Task details
Set the pictures aside and write down, exactly as they appear, the lines from the one containing "L'uniforme de soldats" through the end of the material.

Data provided
- - - - - - -

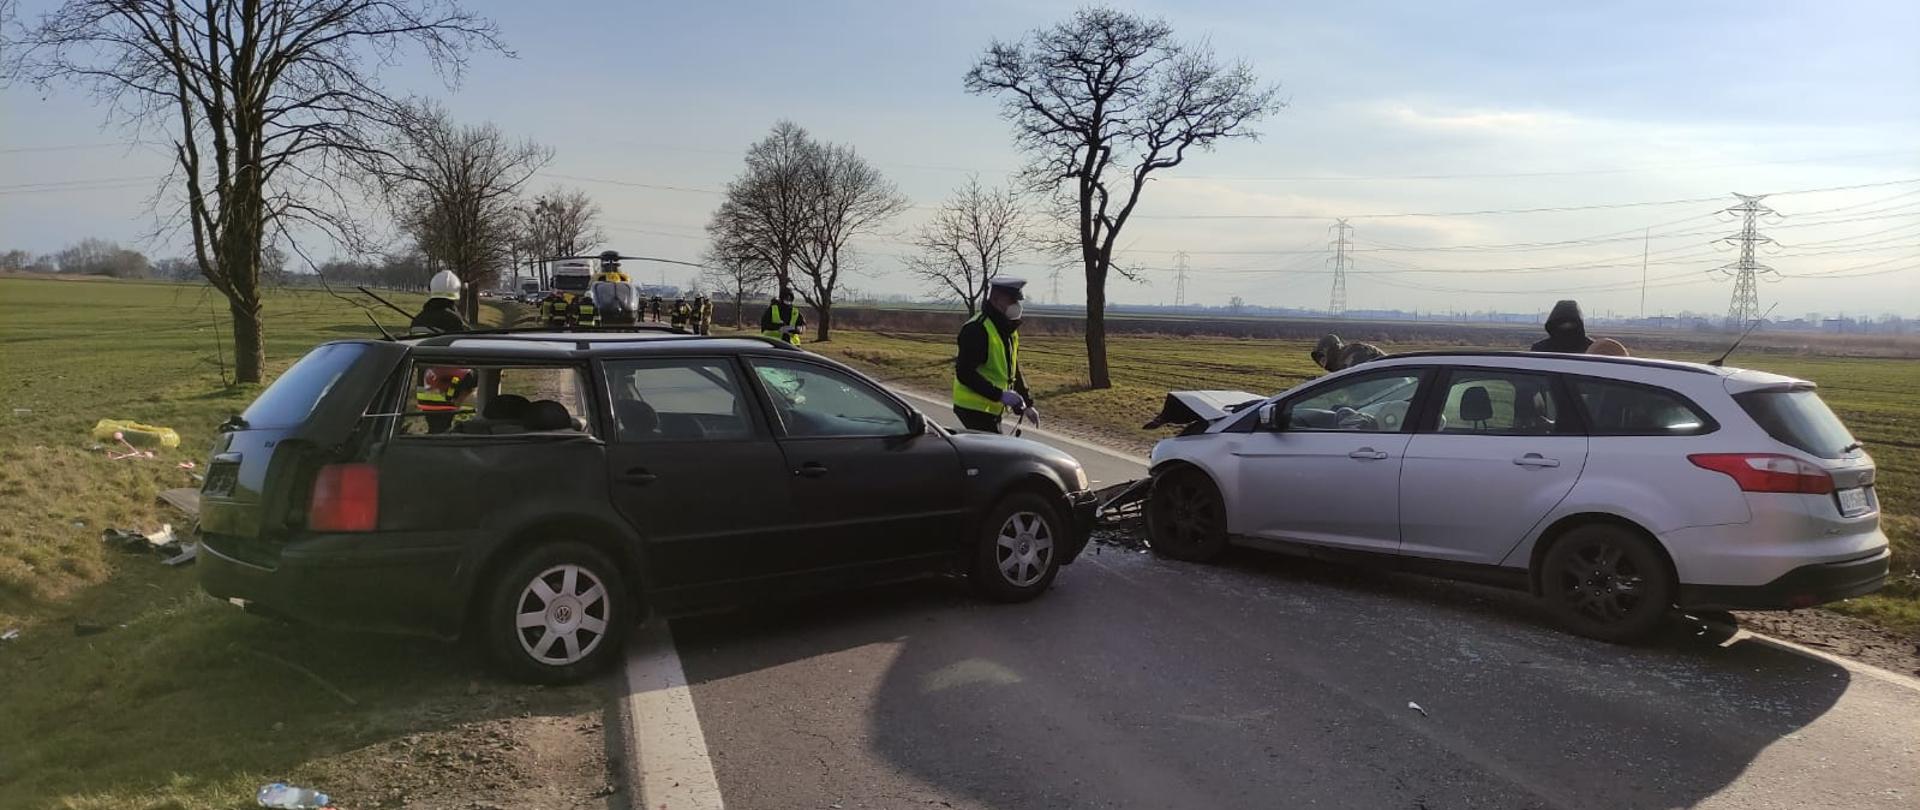 Wypadek samochodowy w Żernikach Wrocławskich
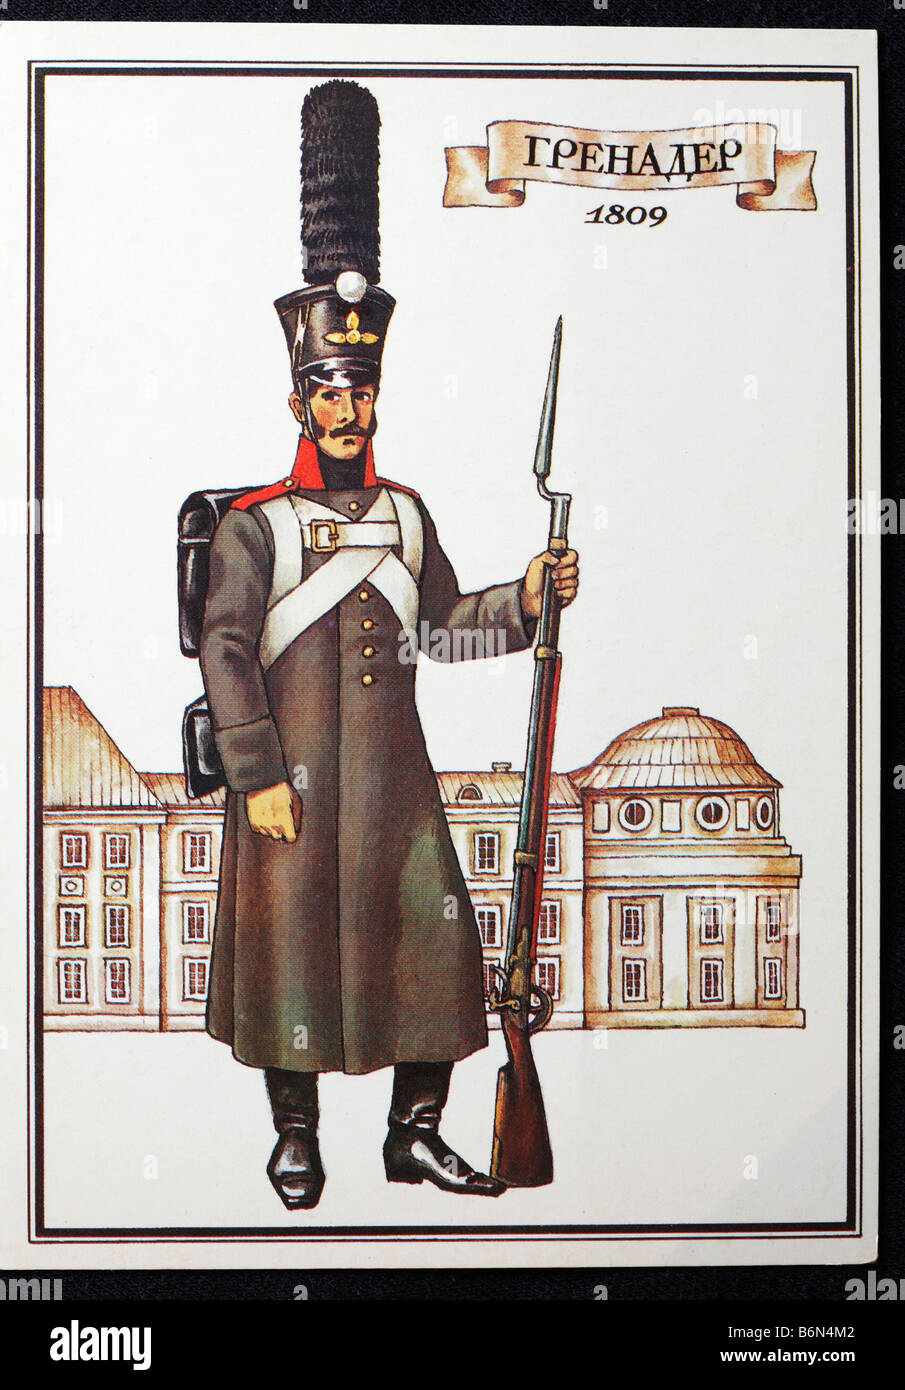 L'uniforme de soldats du régiment de grenadiers de l'armée russe (1809), carte postale, URSS, 1986 Banque D'Images
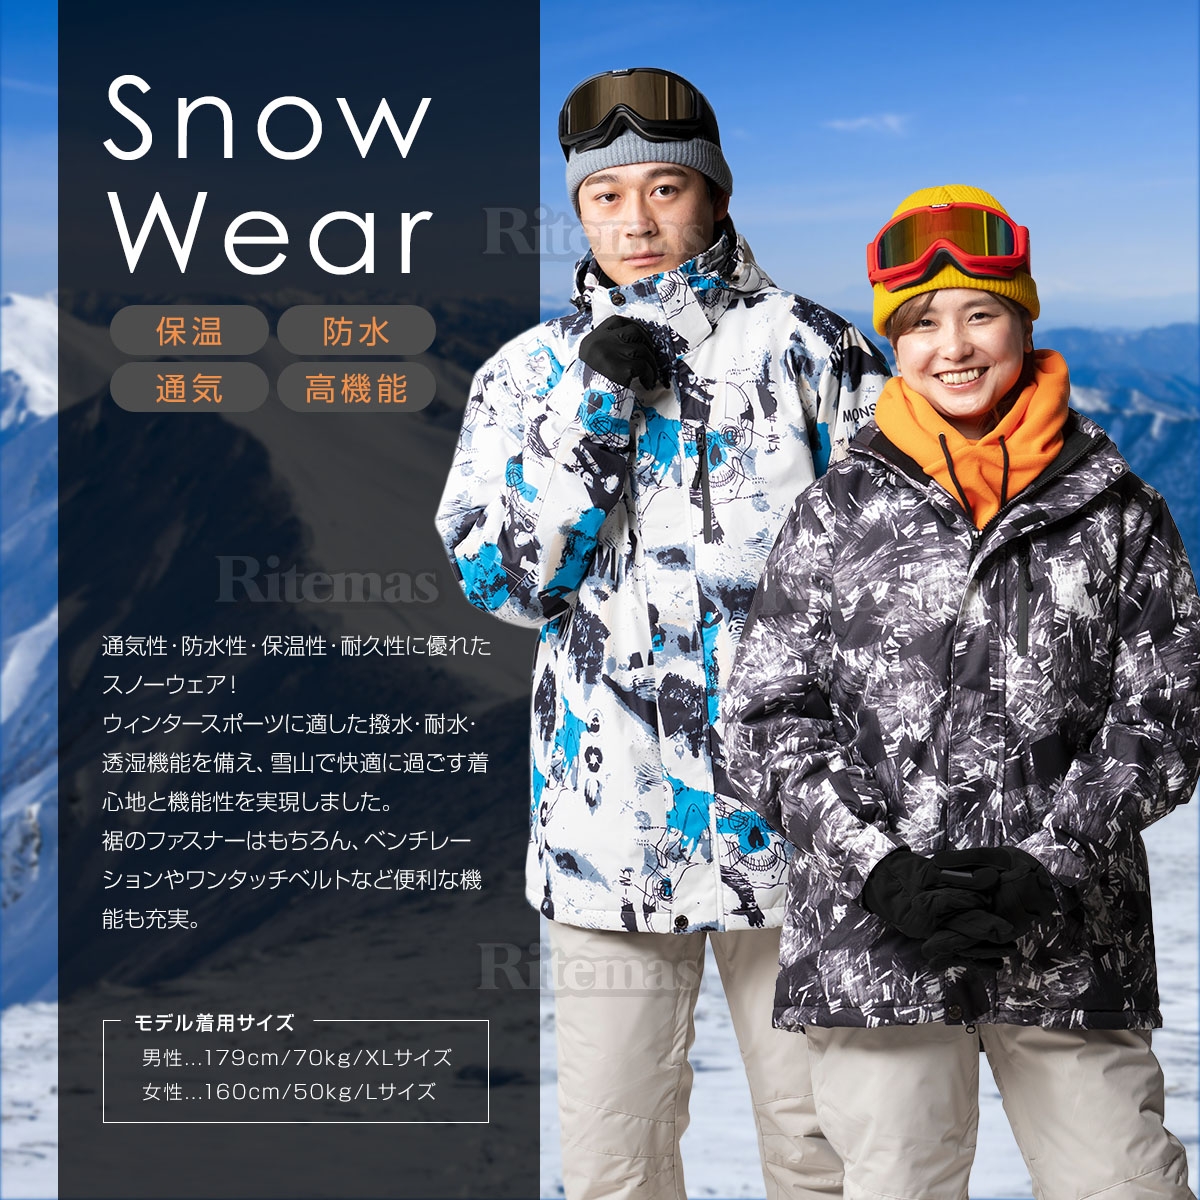  snowboard wear snow wear snowboard we ASCII wear snow jacket snowboard snowboard ski men's lady's jacket . windshield snow waterproof heat insulation 
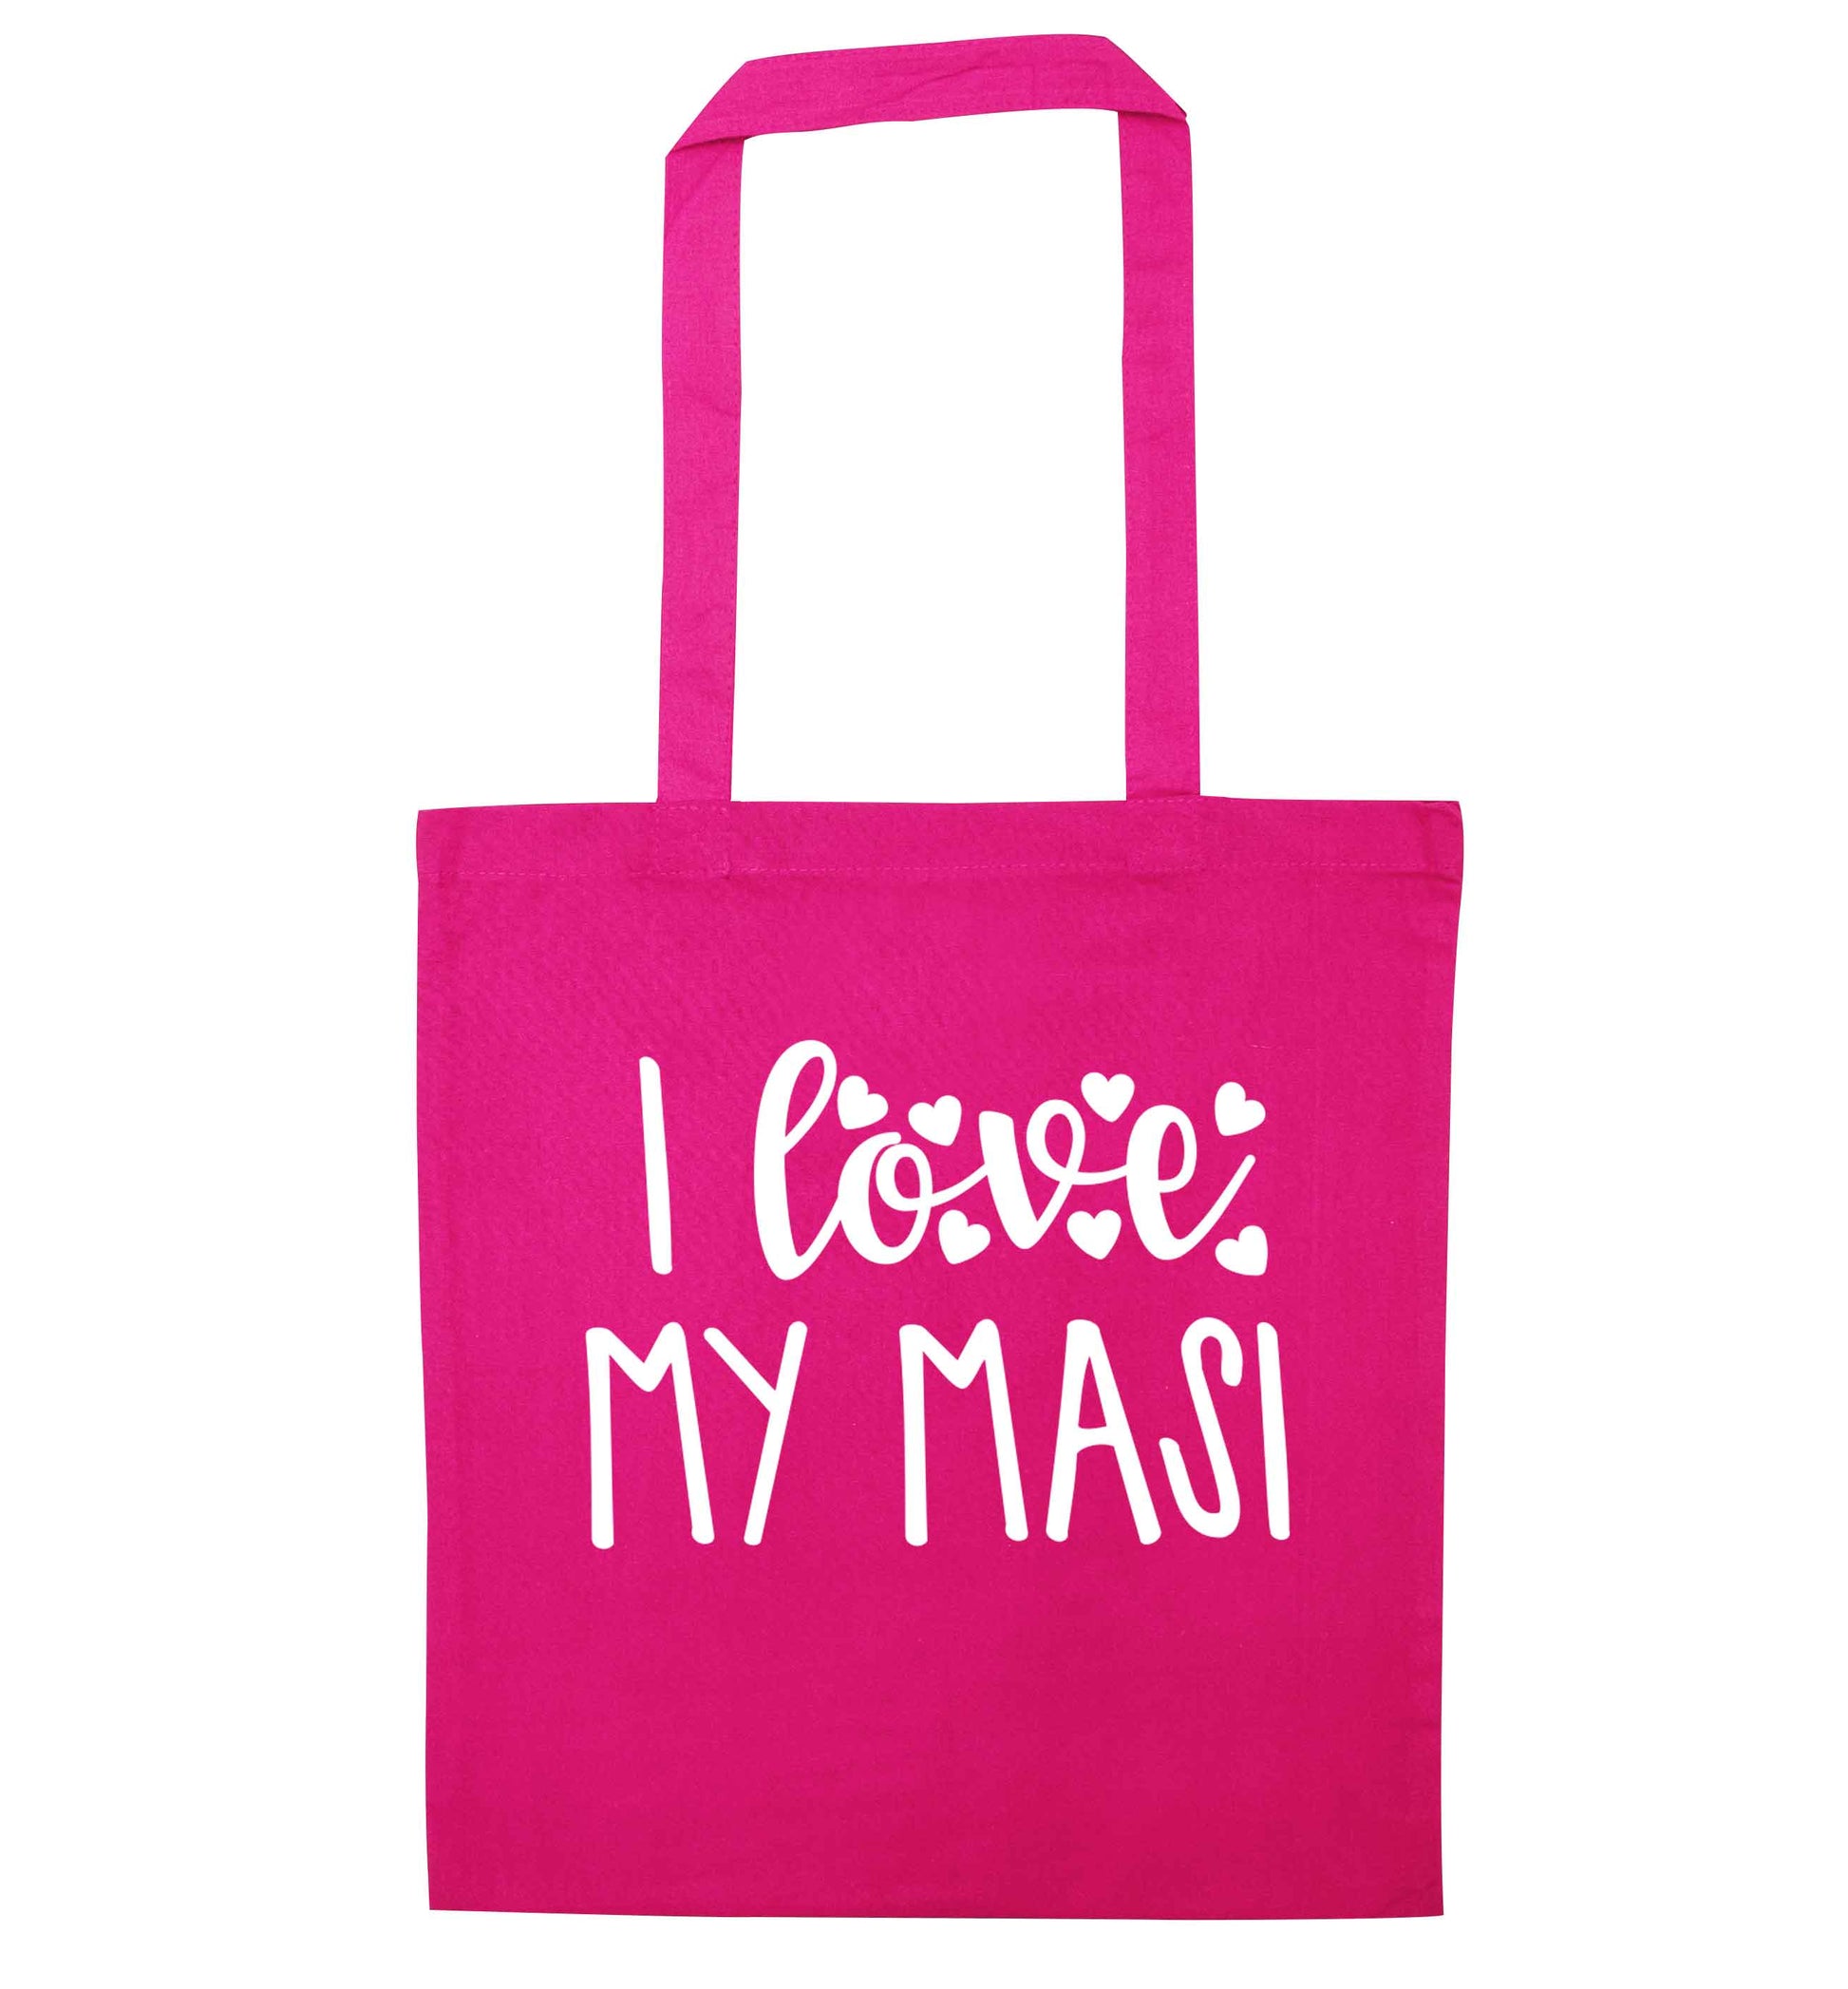 I love my masi pink tote bag

- - - - - - -

Answer below
 L'uniforme de soldats du régiment de grenadiers de l'armée russe (1809), carte postale, URSS, 1986 Banque D'Images
  snowboard wear snow wear snowboard we ASCII wear snow jacket snowboard snowboard ski men's lady's jacket . windshield snow waterproof heat insulation 
 I love my masi pink tote bag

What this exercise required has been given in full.